The book is considered by scholars of the medium the first published history on the subject of film, with the art critic Nancy Mowll Mathews calling it unprecedented. The historian Lewis Jacobs called the book important as a primary source for the history of early film. From the authors' combined tone, Jacobs perceived the Dicksons' excitement at having the privilege to observe popular film actors and to have worked in his industry at its infancy. Jacobs defined the book as "intimate" and its closing words as an "eloquent prediction" on the expansion of kinetograph technology. Jacobs recommended the book for film scholars and historians for its wisdom and its emphasis on the beginning of film as both a technology and as an art form. The literary critic Laura Marcus found the book's scientific approach in tension with its purpose to market but conceded that the eponymous devices had a psychic nature intrinsically. Marcus noted the harmony of the Dicksons' view of film as both uncanny and natural and of their opinion of the "Black Maria" as both a nursery and a laboratory like that depicted in Frankenstein. Despite the book's promotional tone, Marcus called its imagery and motifs influential in shaping subsequent publications about film.

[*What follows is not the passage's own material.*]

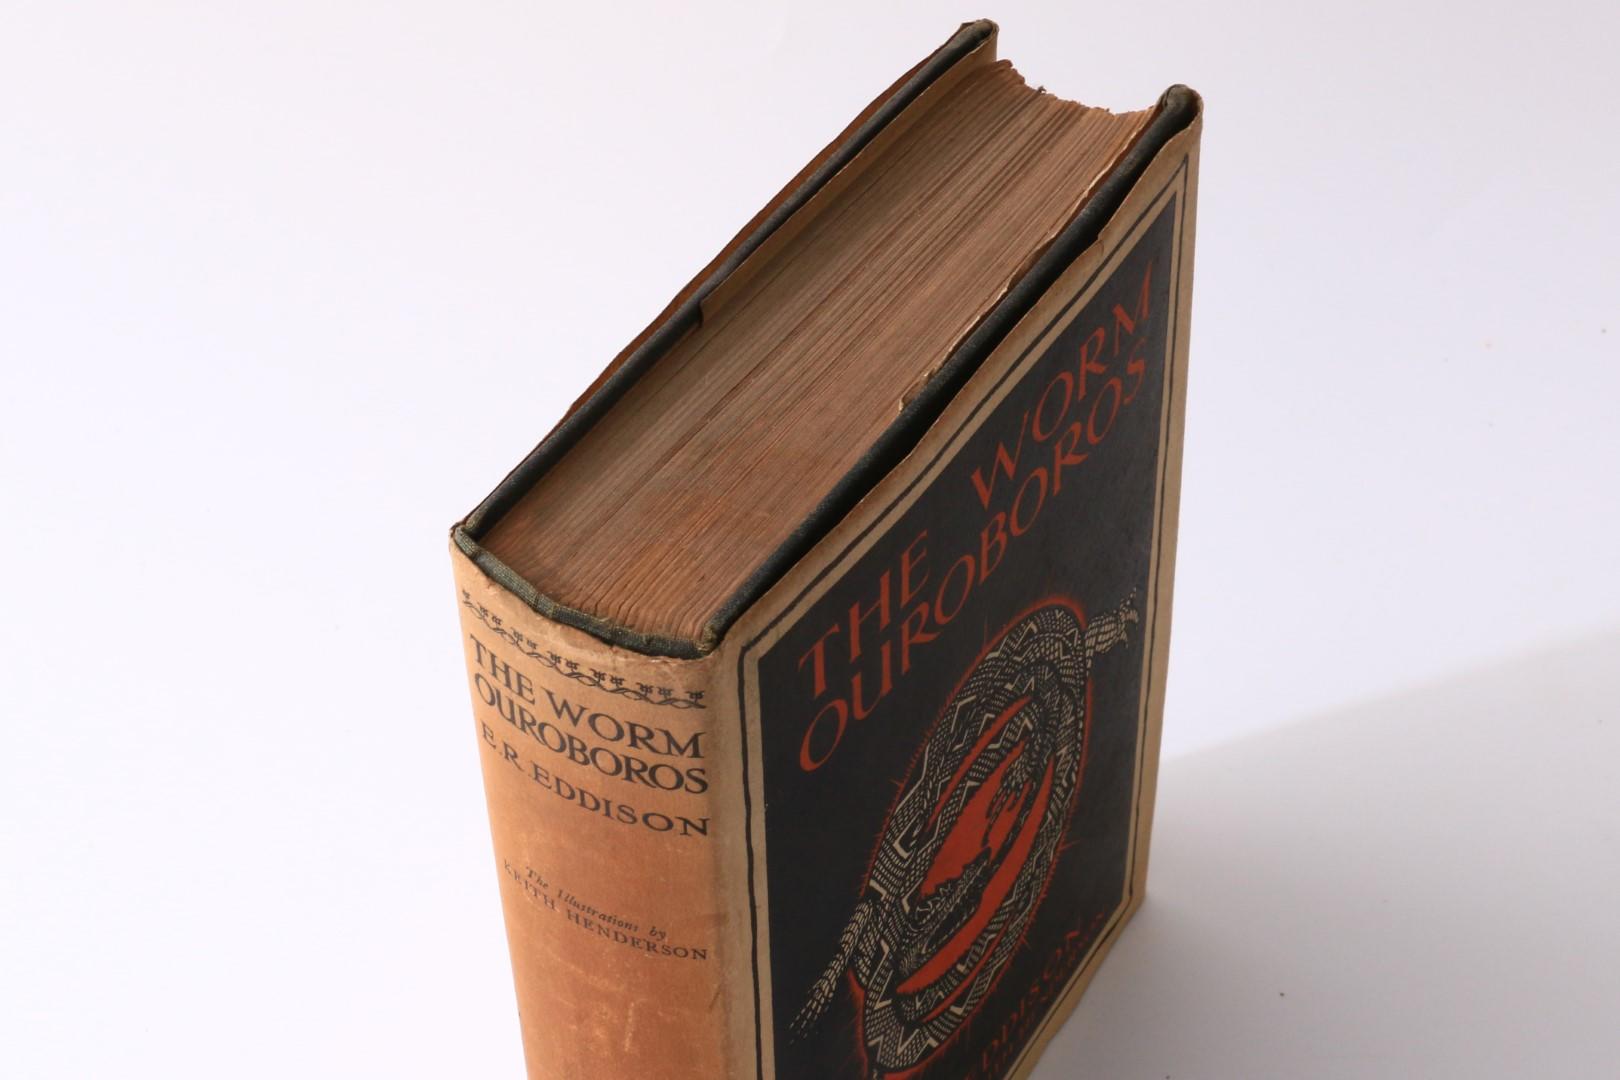 E.R. Eddison - The Worm Ouroboros - Jonathan Cape, 1922, Signed First Edition.
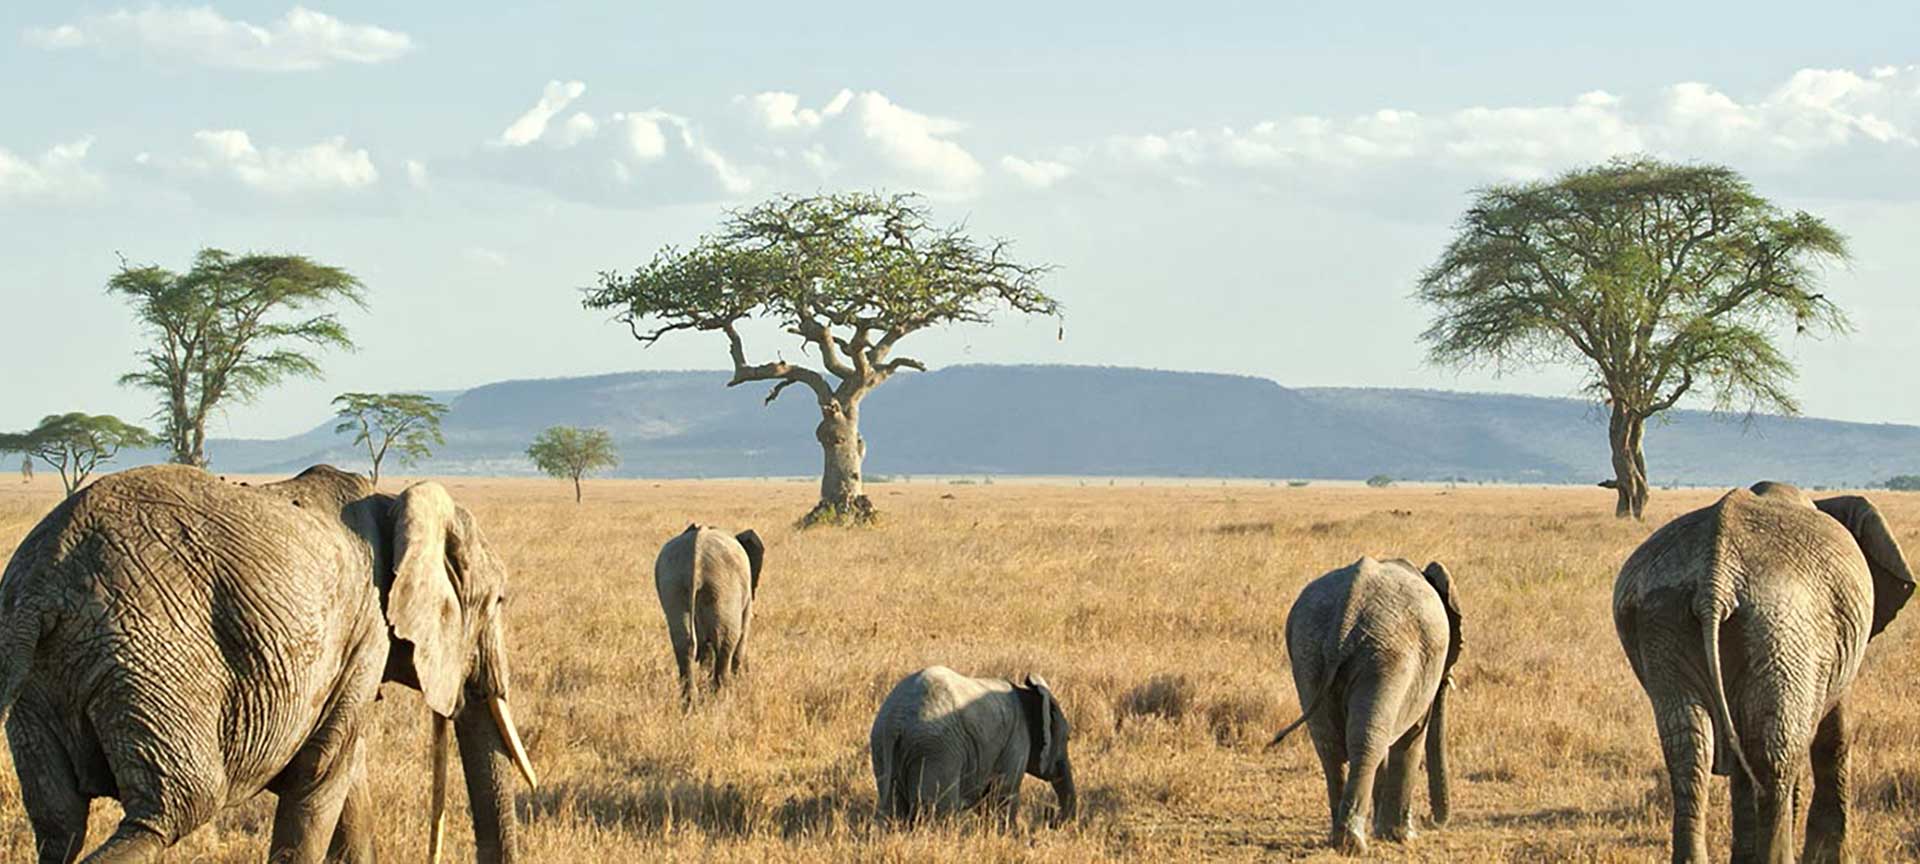 Elephants in the Serengetti in Tanzania walk away from camera

Stéphanie Côté of the Journal of Film Preservation recommended the book for its importance as well but noted the difficulty of the brother Dickson's writing. Côté called the sister Dickson's style similarly flamboyant. The film critic David Thomson regarded the book's prose as "plummy" from the brother Dickson's admiration for the film industry. Mathews called Dickson's front cover illustration mediocre but convincing.